I’m sure his observation reflects a truth. After the leaders’ debate on 10 September the TV3 expert panel (including Bryce Edwards and Josie Pagani and Duncan Garner) was convened to discuss the debate. The panellists were convinced The People watching would have drowned in the policy detail (despite the many thousands of text voters who were highly engaged with the issues being debated). They then enlisted a quaintly-named People’s Panel (comprising amusing Ordinary Voters Who Are Clearly Not Experts) and asked them if they found there was too much policy detail for their little heads. ‘Um…no.’ was the general response, to the surprise of all. I found this aspect of the piece patronising.

The theme of an elite  out of touch with Ordinary Voters has also been picked up consistently by those commentating on the demise of the Left vote, and the internal chaos of the Labour party, as shown here, and here. Morgan Godfrey identified that  political elitism of the Left was to blame for electoral defeat, not policies:

Yet the problem wasn’t that the policies were poorly pitched. The problem seems to be that politics – the process, the institutions and then the policies – isn’t reaching voters at the hard edge. Our New Zealand not only talks past the New Zealand that won last night, our New Zealand also seems to talk past the people we claim to represent. Everyone is entitled to a better life, yet our leaders seem incapable of giving convincing expression to that very simple idea.

I don’t know how the Left can rebuild a relationship with Ordinary Voters, or how deep the disconnect really is between “the elite” and those voters. Nor is the “elite”, including mainstream media and others in ‘the beltway’ are entirely to blame for the routing on Election night. I sure as heck don’t think the blogosphere of Right or Left are to blame any more than any other factor; they are merely part of the mix. Focusing blame and attention on that elite or a combination of its parts, I suspect, is only going to reveal some of the problems.

My gut instinct tells me, however, that contempt for ordinary voters is never a good strategy for any political movement, within its elite, or within its broader membership. Rarely have I seen more unattractive advertisements for the Left than those disseminated on social media in the past couple of weeks.Cameron Slater may be a card-carrying attack dog for the Right, but I wonder if the largely middle-class and educated Twitterati and FB Status Update Commentariat don’t themselves comprise a fairly vigorous battalion of attack piranha. Except they attack their friends and family and acquaintances directly and indirectly. For every person who posted “I can’t believe the New Zealand public voted in Donkey and his lackeys again’ there was an auntie or an uncle or a cousin, or old school friend who either voted for the centre-Right, and just held their counsel, or who didn’t vote Left, or who simply didn’t vote, and who also will have held their counsel, because non-voters were just as big a target as voters for the wrong parties. And the divide between potential voters for the Left and actual voters grows just a little bit wider.

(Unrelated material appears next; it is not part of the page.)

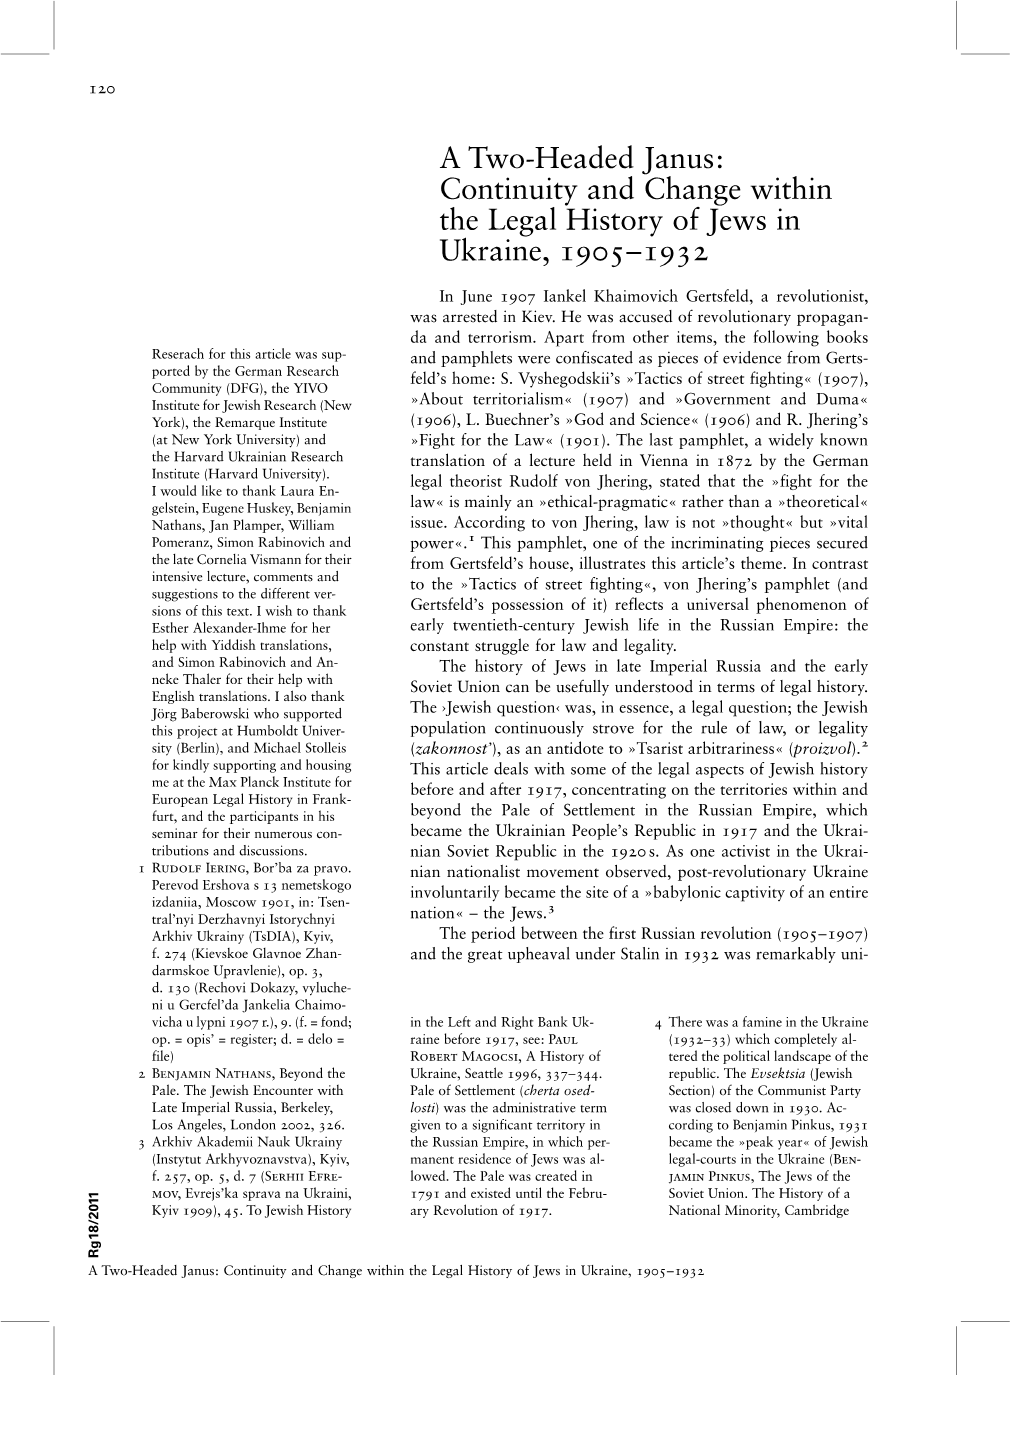 A Two-Headed Janus: Continuity and Change Within the Legal History of Jews in Ukraine, 1905–1932

So maybe, just maybe, for the Left to regenerate some relevance and numerical support, obviously some serious thinking needs to go not into sorting out machinery of politics and the right platform.  But perhaps  the angrier politically active voters of the Left might also seek to understand (instead of presume) why other ordinary people actually voted as they did. And a hint: it will not generally be because they are venal, corrupt and stupid. Maybe some honest and open conversations could do at least as much for the rehabilitation of the Left than another Labour leadership primary. Maybe political tribalism is less an answer to political apathy or conservatism than a trap.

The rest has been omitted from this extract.